Above the tree line the air cooled enough that Dennis could see his own breath. Yesterday he would have been amused. Today his huffing betrayed how fast he moved over the crumbling ground.
Dennis looked around at his men. Mongoose-men. Nanagada’s best bush warriors. They hopped from rock to rock with grunts. Some had long dreadlocks down their backs and full beards. Others had short, cropped hair. They came from all over Nanagada, and despite being smeared with mud and colored chalk to help them blend into the shadows, they had skin ranging from mountainside and Capitol City soft brown to south-coast dark black.
Each man dressed in gray: heavy canvas trousers, longsleeved shirts, and floppy wide-brimmed hats. All over this dull uniform sticks and leaves jutted out, glued on in random patterns.
Out of the jungle and on the rock they stood out like shaggy gray-and-green creatures.
Still, this was the quickest way to Mafolie Pass.
The second moon rose. A dim double-lit darkness would be far better than the blatant daylight they’d been running in. Dennis glanced at the sky. They’d be less likely to get spotted by an Azteca airship at night.
 
Earlier, many miles downrange of Mafolie Pass, they’d captured an Azteca scout. Much to their surprise, the Aztecan knew several code phrases. The mongoose-men had few spies among the Azteca. It was a rare encounter.
Most Azteca who came over the mountains fled for Capitol City: Nanagada’s farthermost northeastern point. As far from their past as they could get.
This Aztecan said his name was Oaxyctl.
O-ash-k-tul.
His teeth chattered. He had barely made it over the mountains. Shivering, hungry, and hardly understandable, he told them Mafolie Pass was under attack.
“That happen sometimes,” the mongoose-men replied.

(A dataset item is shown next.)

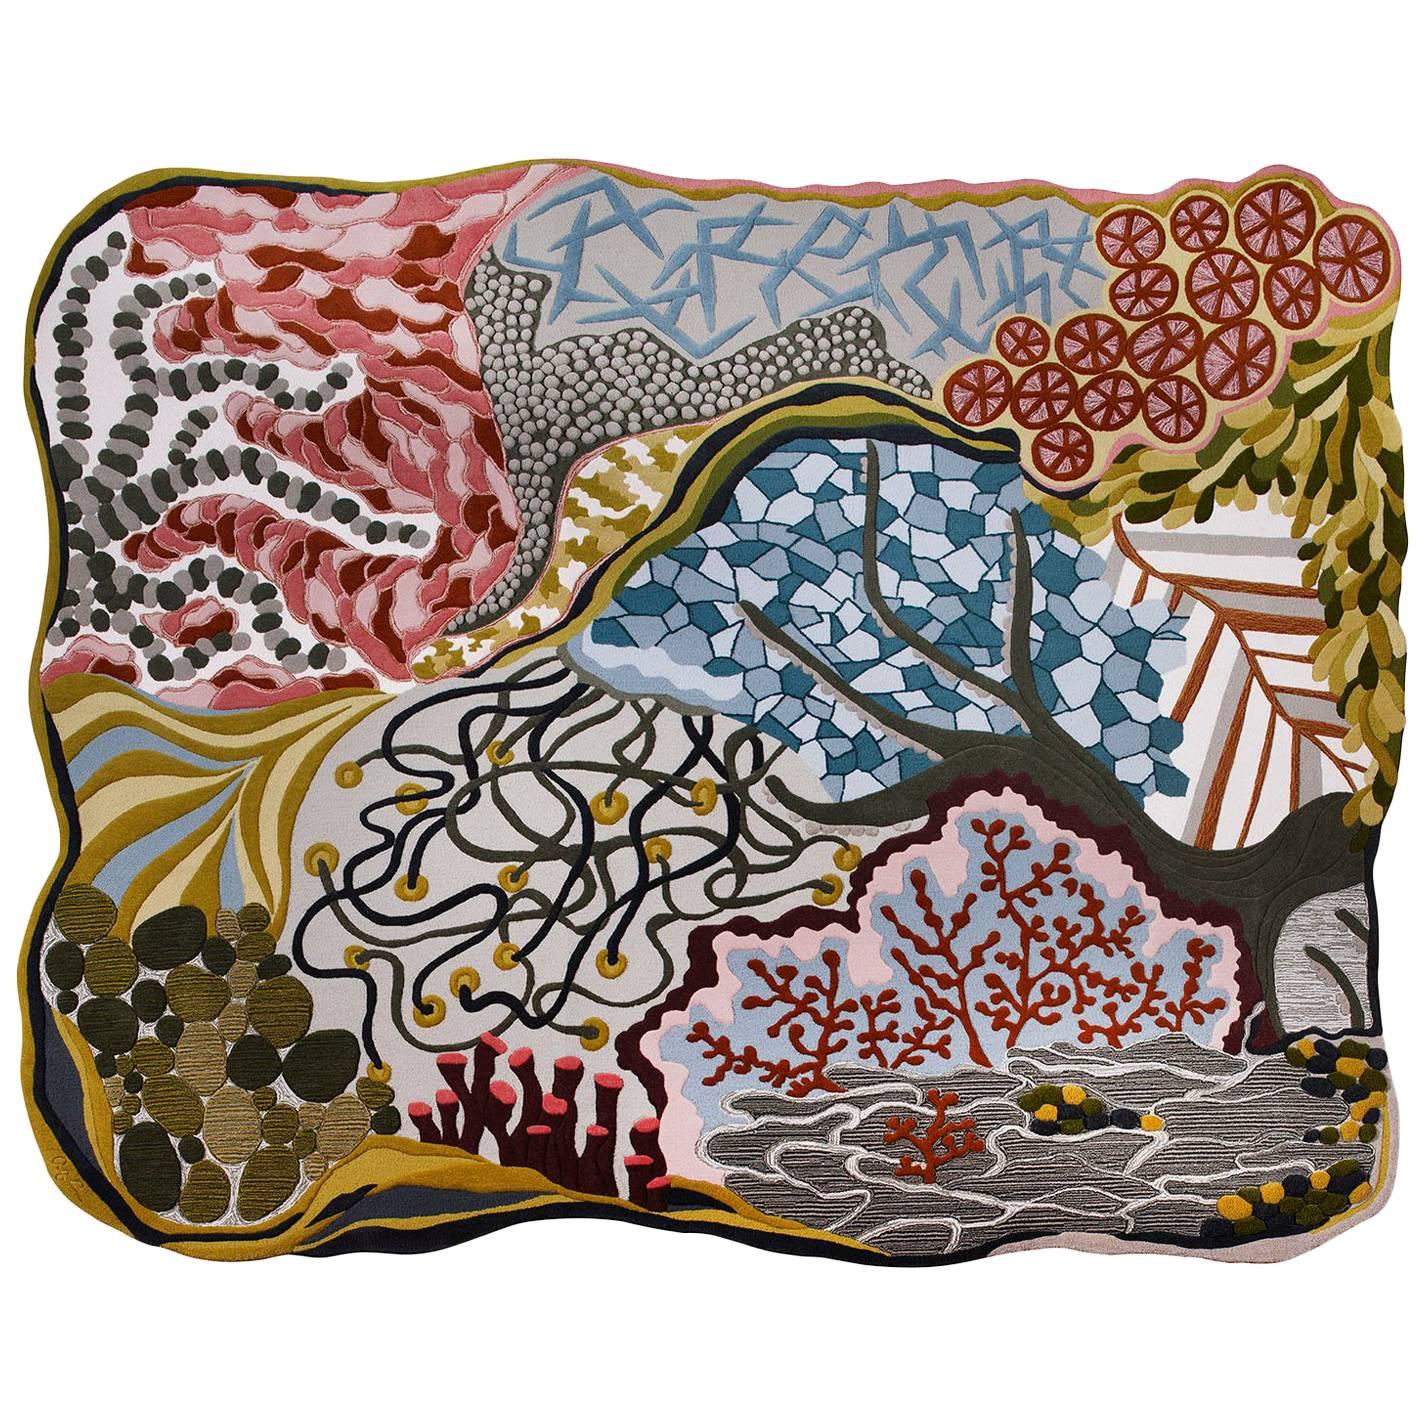 Angela Adams Ocean Floor Area Rug & Tapestry, One-of-a-kind, Handcrafted, Modern For Sale

Azteca threw various-sized attack parties at the pass randomly to test the thick walls and Mafolie’s perfectly placed guns, but the pass remained impenetrable. The mongoose-men based Nanagada’s defense from Mafolie Pass.

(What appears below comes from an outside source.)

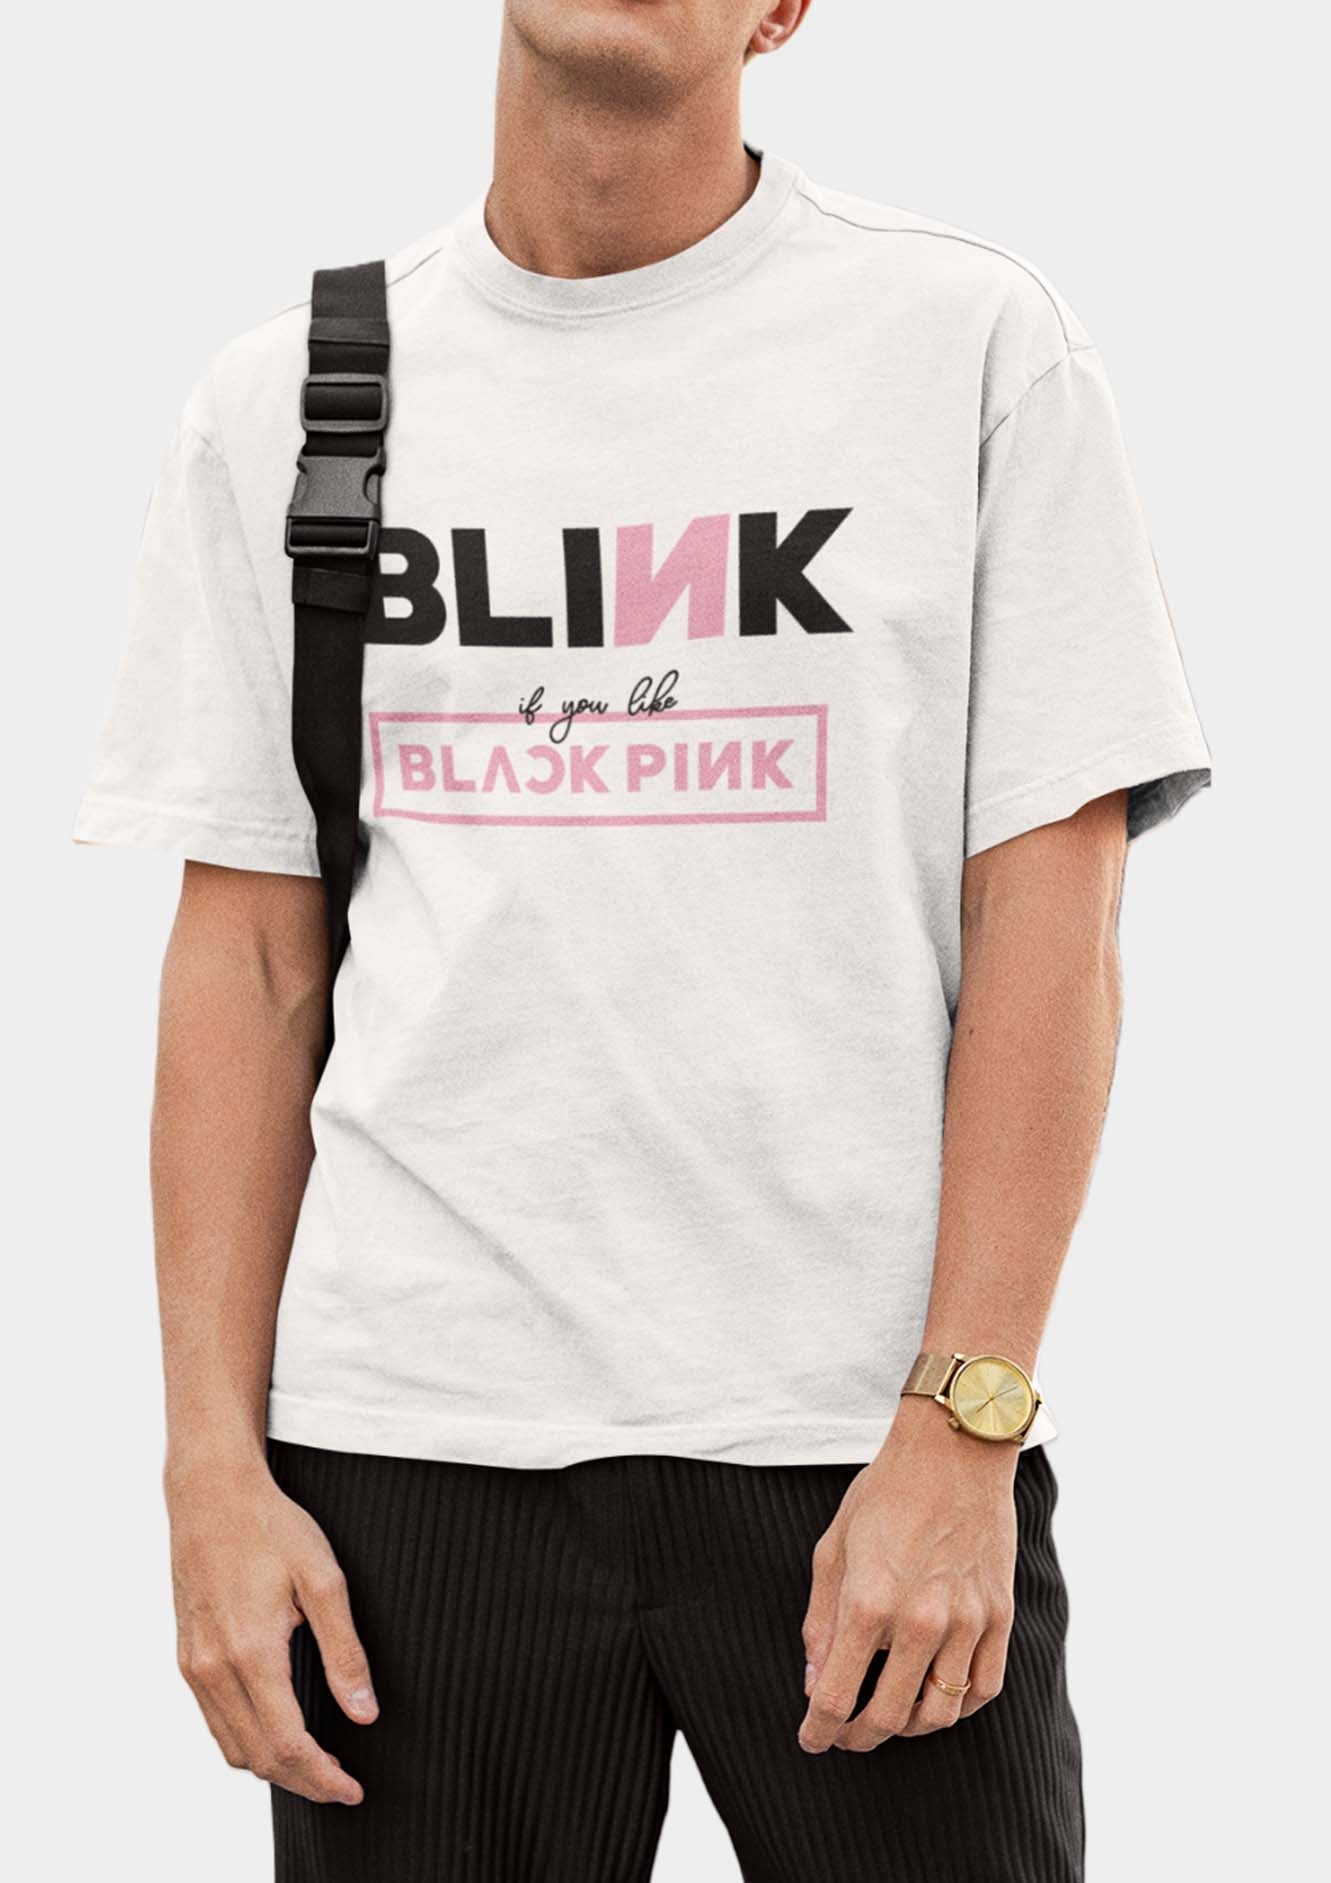 Blackpink Blink Unisex Tshirt

“Not from the pass,” the spy hissed, his back against the rough bark of a turis tree, his legs in the mud.
“Mafolie Pass the
only
place any big army able to cross,” Dennis objected.

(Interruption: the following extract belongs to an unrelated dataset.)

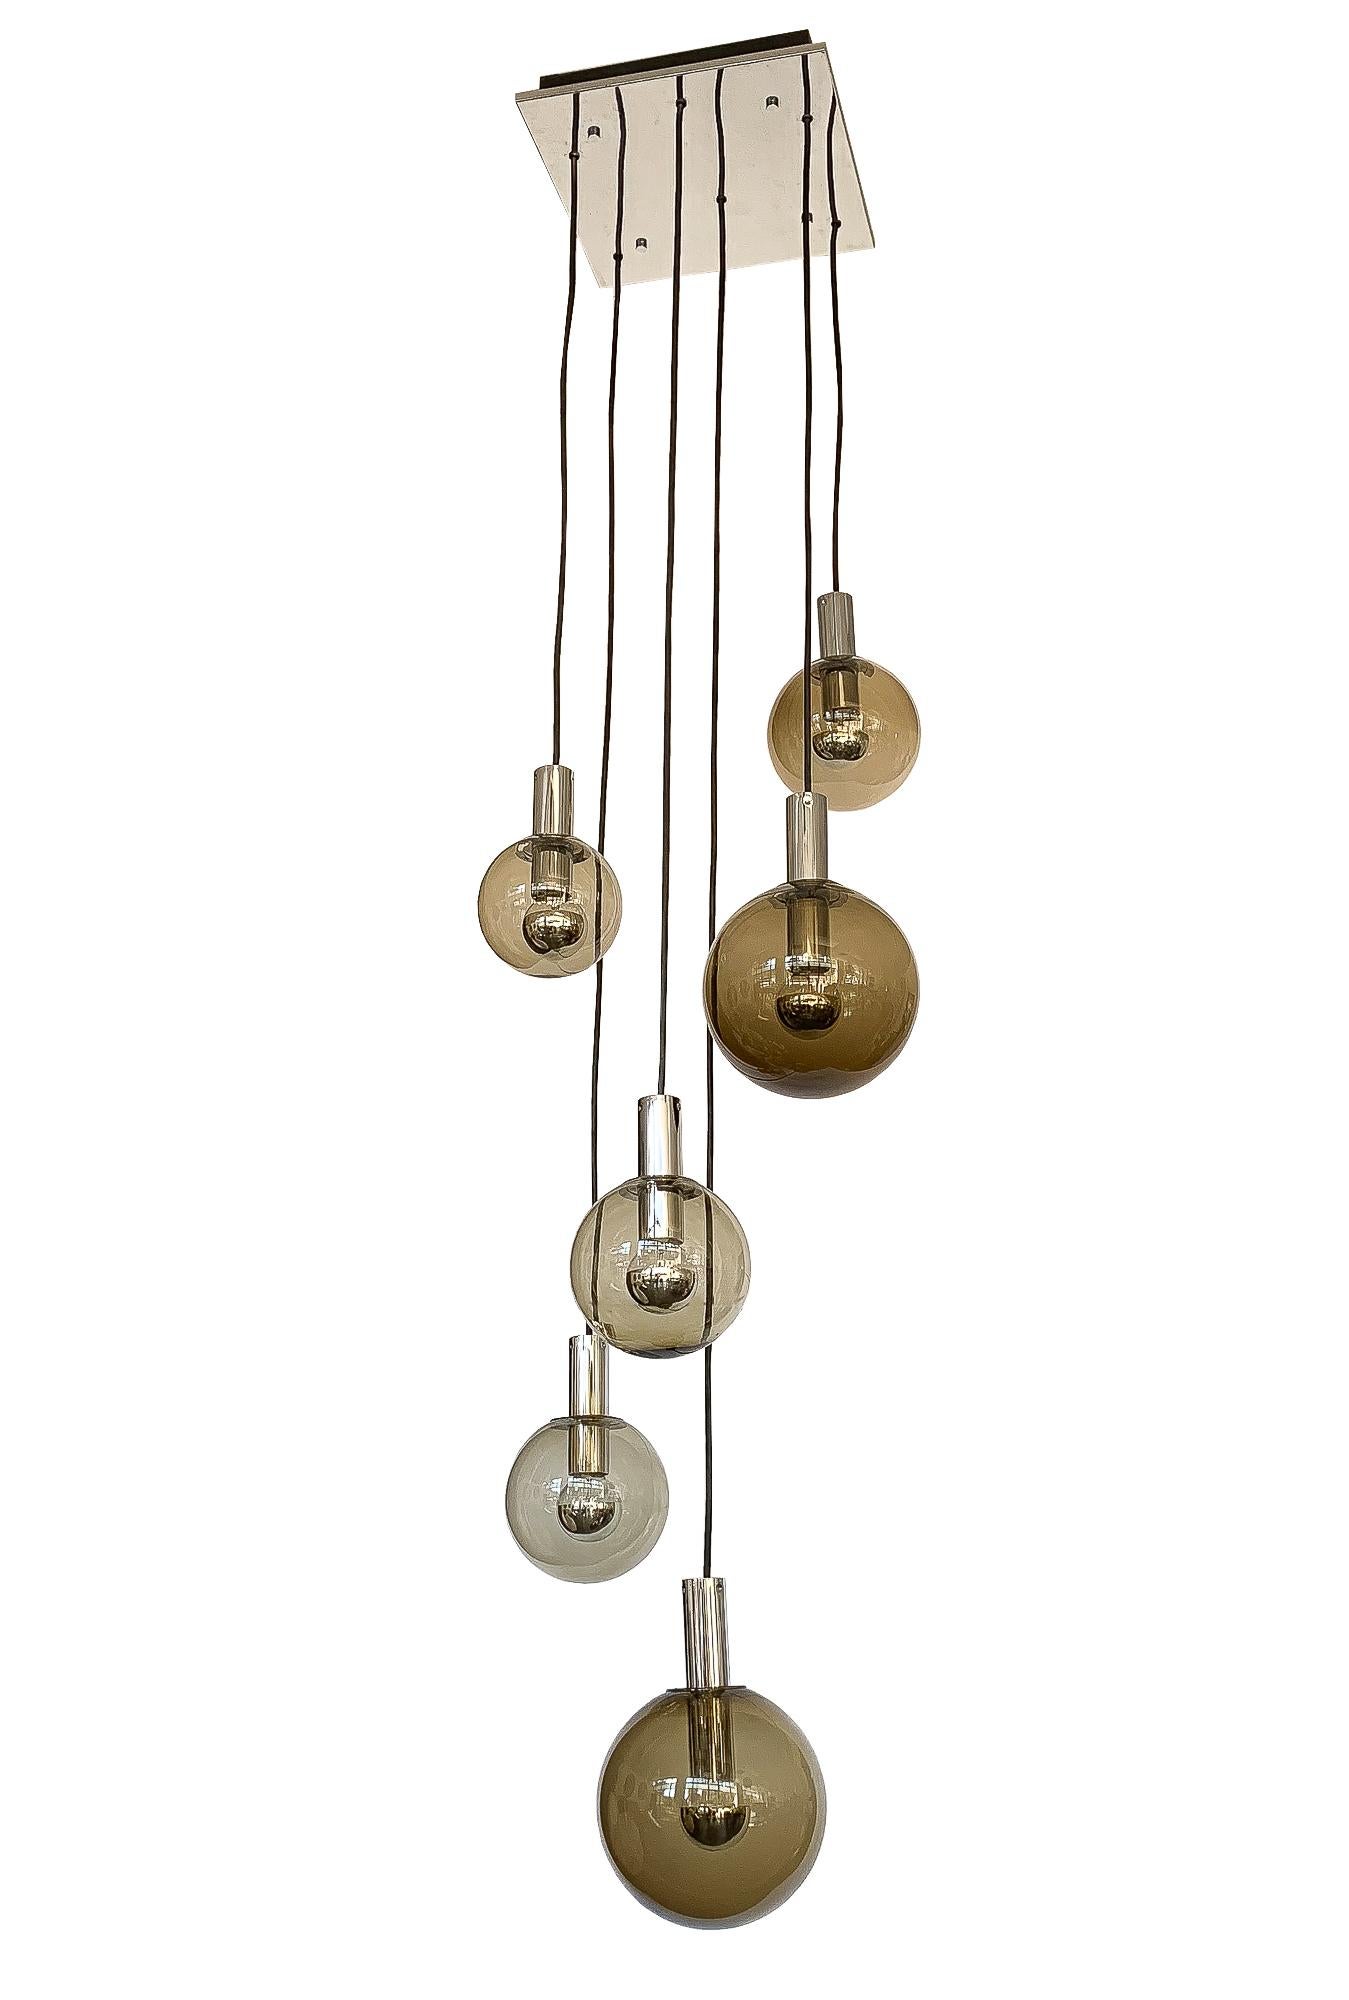 RAAK six globe cascading pendant chandelier. Six smoked blown glass globes in 3 sizes: 6

The spy wiped his face with a dirty sleeve. “They dug a tunnel,” he spat. “You understand?”
They blinked. “A tunnel? Under the whole mountain? We would know about that.”
“Nopuluca
,” the spy cursed at them. “Azteca dug for a hundred years now. They fooled you into thinking they were still testing the pass while always digging. But they’re here. Believe me. We are dead men.”
He’d begged water and food off them. They’d told him where the next low-mountain station was. Then the strange spy scrambled off down the mountainside.
“If we all done dead,” they called after him as he clambered down into the thick greenery, “why you come here? Where you think you going?”
But he had already disappeared into the bush.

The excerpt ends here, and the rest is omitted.